All synchronous code is an illusion created in software, as is the very notion o...

zozbot234 · 2025-10-27T16:04:27 1761581067

Unfortunately, the illusion of an OS thread relies on keeping a single consistent stack. Stackful coroutines (implemented on top of kernel threads) break this model in a way that has many detrimental effects; stackless ones do not.

pron · 2025-10-27T18:25:23 1761589523

It is true that in some languages there could be difficulties due to the language's idiosyncrasies of implementation, but it's not an intrinsic difficulty. We've implemented virtual threads in the JVM, and we've used the same Thread API with no issue.
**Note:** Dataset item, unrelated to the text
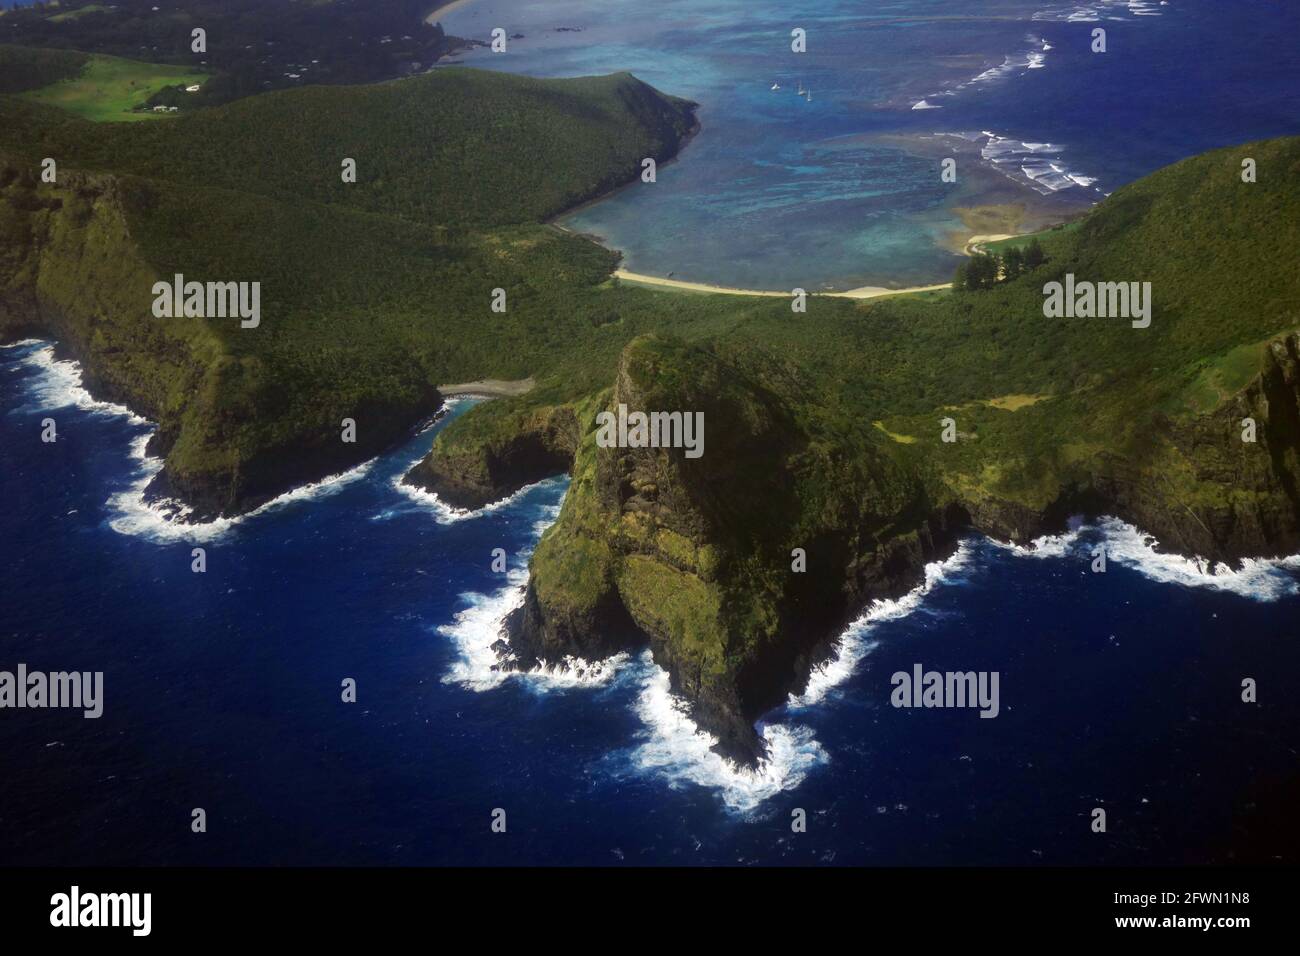 Aerial view of Mt Eliza and the Malabar coastline, northern end of Lord Howe Island, NSW, Australia Stock Photo

hawk_ · 2025-10-27T19:38:54 1761593934

Yep the JVM structured concurrency implementation is amazing. One thing I got wondering especially when reading this post on HN though is if stackless coroutines could (have) fit the JVM in some way to get even better performance for those who may care.

pron · 2025-10-27T21:28:54 1761600534

They wouldn't have had better performance, though. There is no significant performance penalty we're paying, although there's a nuance here that may be worth pointing out.
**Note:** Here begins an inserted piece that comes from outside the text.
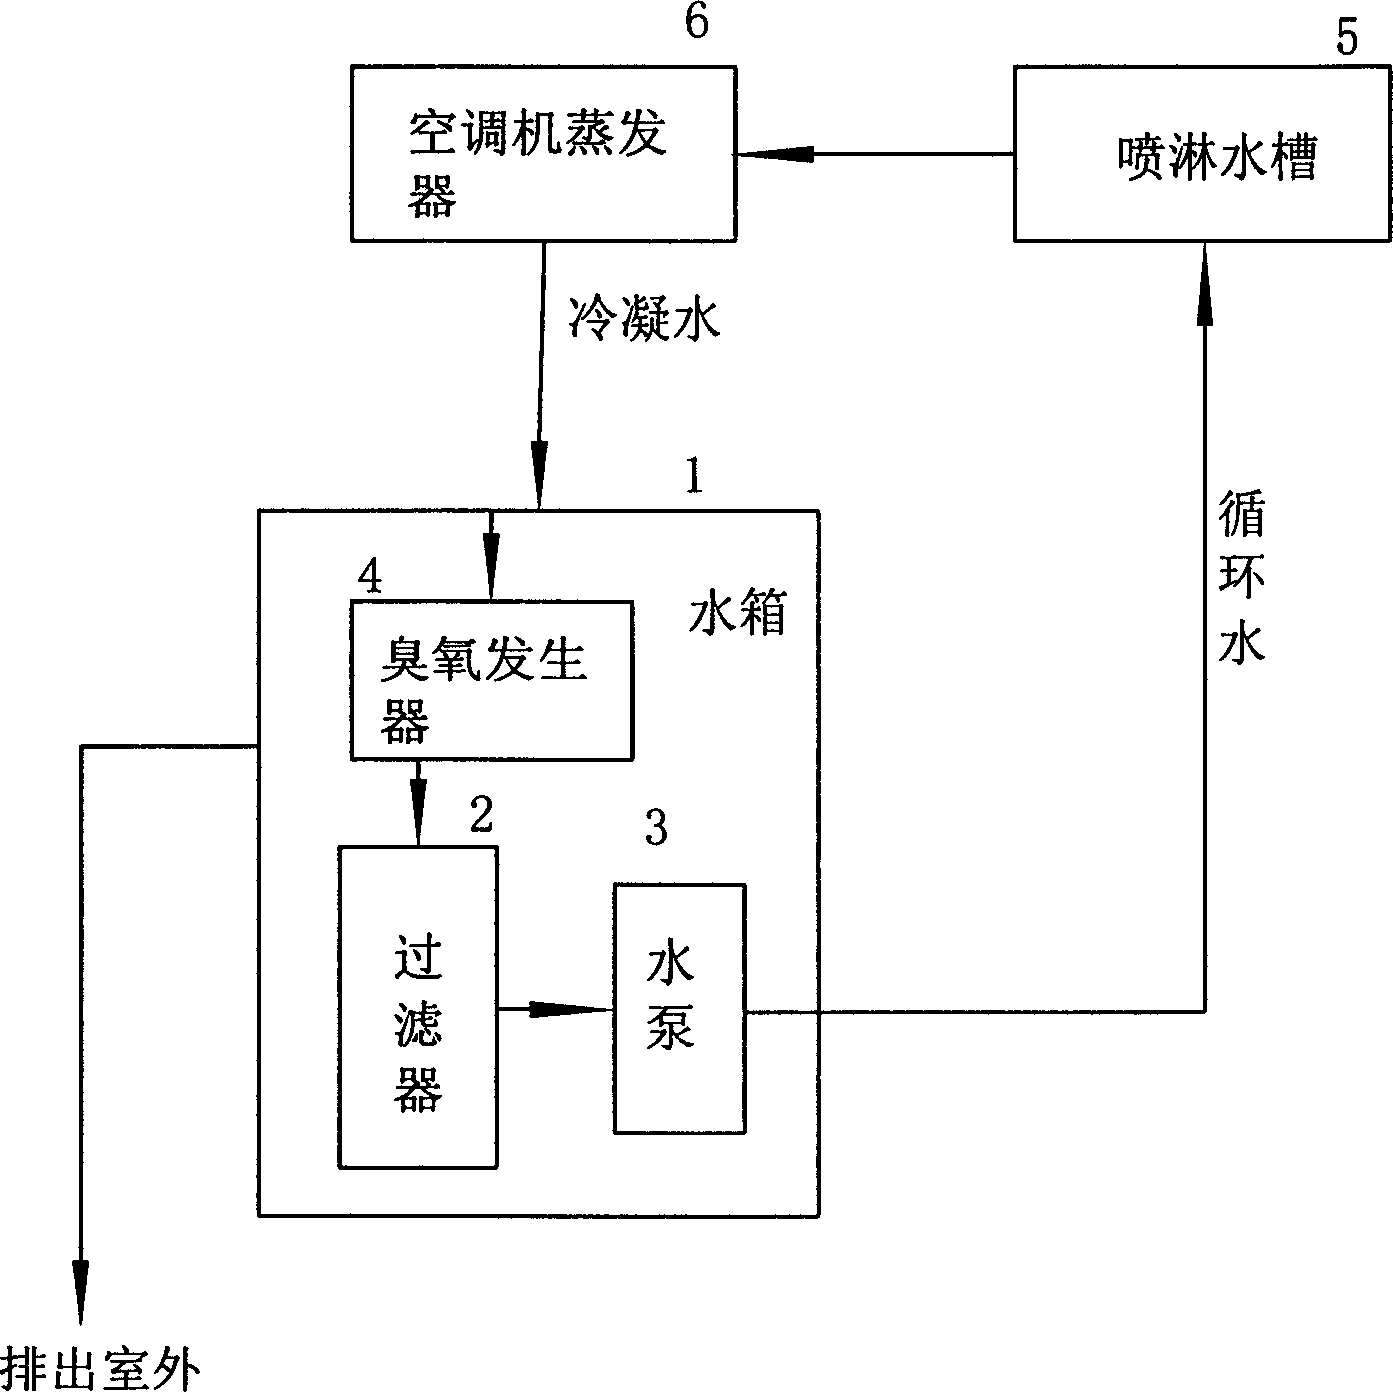 Method and apparatus for air moisture-holding purifying of single/central air conditioner

There are two different usecases for coroutines that may tempt implementors to address with a single implementation, but the usecases are sufficiently different to separate into two different implementations. One is the generator use case. What makes it special is that there are exactly two communicating parties, and both of their state may fit in the CPU cache. The other use case is general concurrency, primarily for IO. In that situation, a scheduler juggles a large number of user-mode threads, and because of that, there is likely a cache miss on every context switch, no matter how efficient it is. However, in the second case, almost all of the performance is due to Little's law rather than context switch time (see my explanation here: https://inside.java/2020/08/07/loom-performance/).

That means that a "stackful" implementation of user-mode threads can have no significant performance penalty for the second use case (which, BTW, I think has much more value than the first), even though a more performant implementation is possible for the first use case. In Java we decided to tackle the second use case with virtual threads, and so far we've not offered something for the first (for which the demand is significantly lower).
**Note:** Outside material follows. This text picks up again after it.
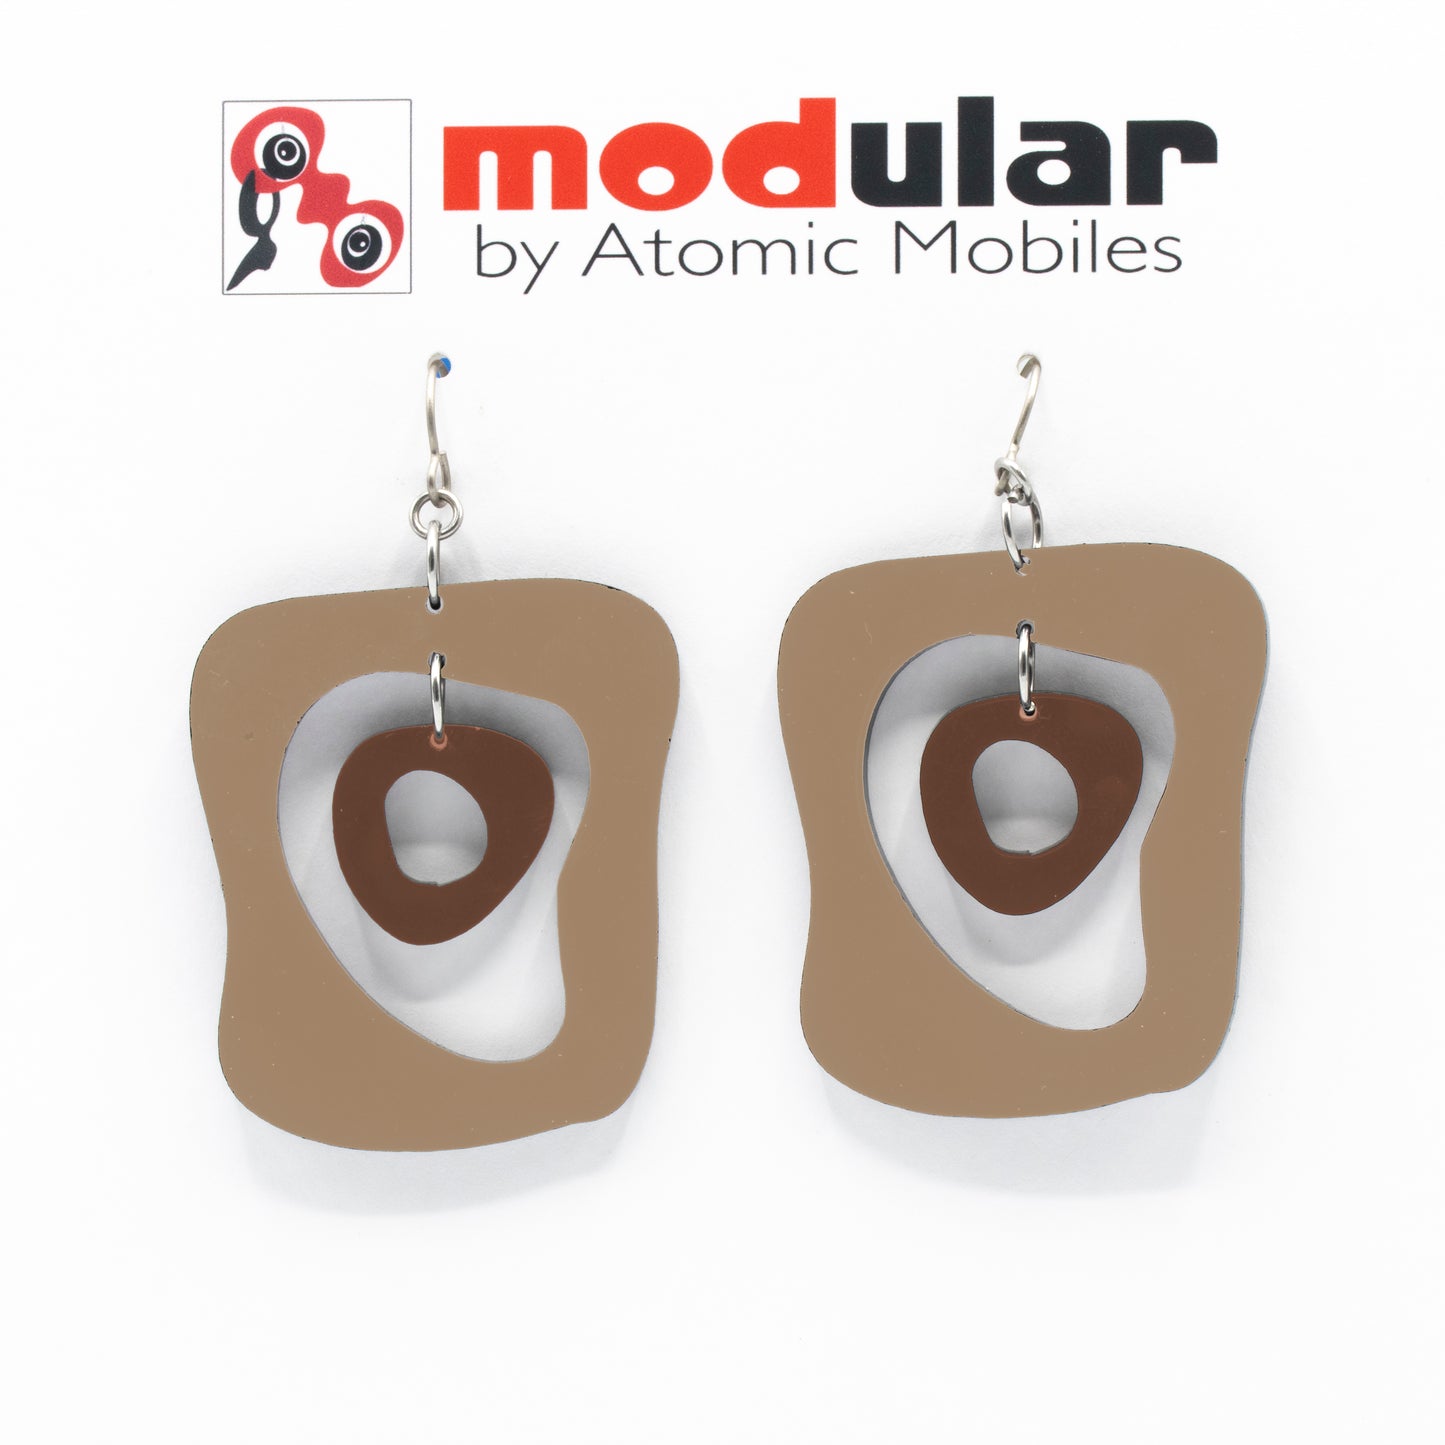 MODular Earrings - Mid Mod Statement Earrings in Beige Tan and Brown by AtomicMobiles.com - mid century inspired modern art dangle earrings

What happens in languages that choose to tackle both use cases with the same construct is that they gain negligible performance in the second use case (at best), but they're paying for that negligible benefit with a substantial degradation in user experience. That's just a bad tradeoff, but some languages (especially low-level ones) may have little choice, because their stackful solution does carry a significant performance cost compared to Java because of Java's very efficient heap memory management.

lukaslalinsky · 2025-10-27T16:12:47 1761581567

The OS allocates your thread stack in a very similar way that a coroutine runtime allocates the coroutine stack. The OS will swap the stack pointer and a bunch more things in each context switch, the coroutine runtime will also swap the stack pointer and some other things. It's really the same thing. The only difference is that the runtime in a compiled language knows more about your code than the OS does, so it can make assumptions that the OS can't and that's what makes user-space coroutines lighter. The mechanisms are the same.

zozbot234 · 2025-10-27T16:17:31 1761581851

And the stackless runtime will use some other register than the stack pointer to access the coroutine's activation frame, leaving the stack pointer register free for OS and library use, and avoiding the many drawbacks of fiddling with the system stack as stackful coroutines do. It's the same thing.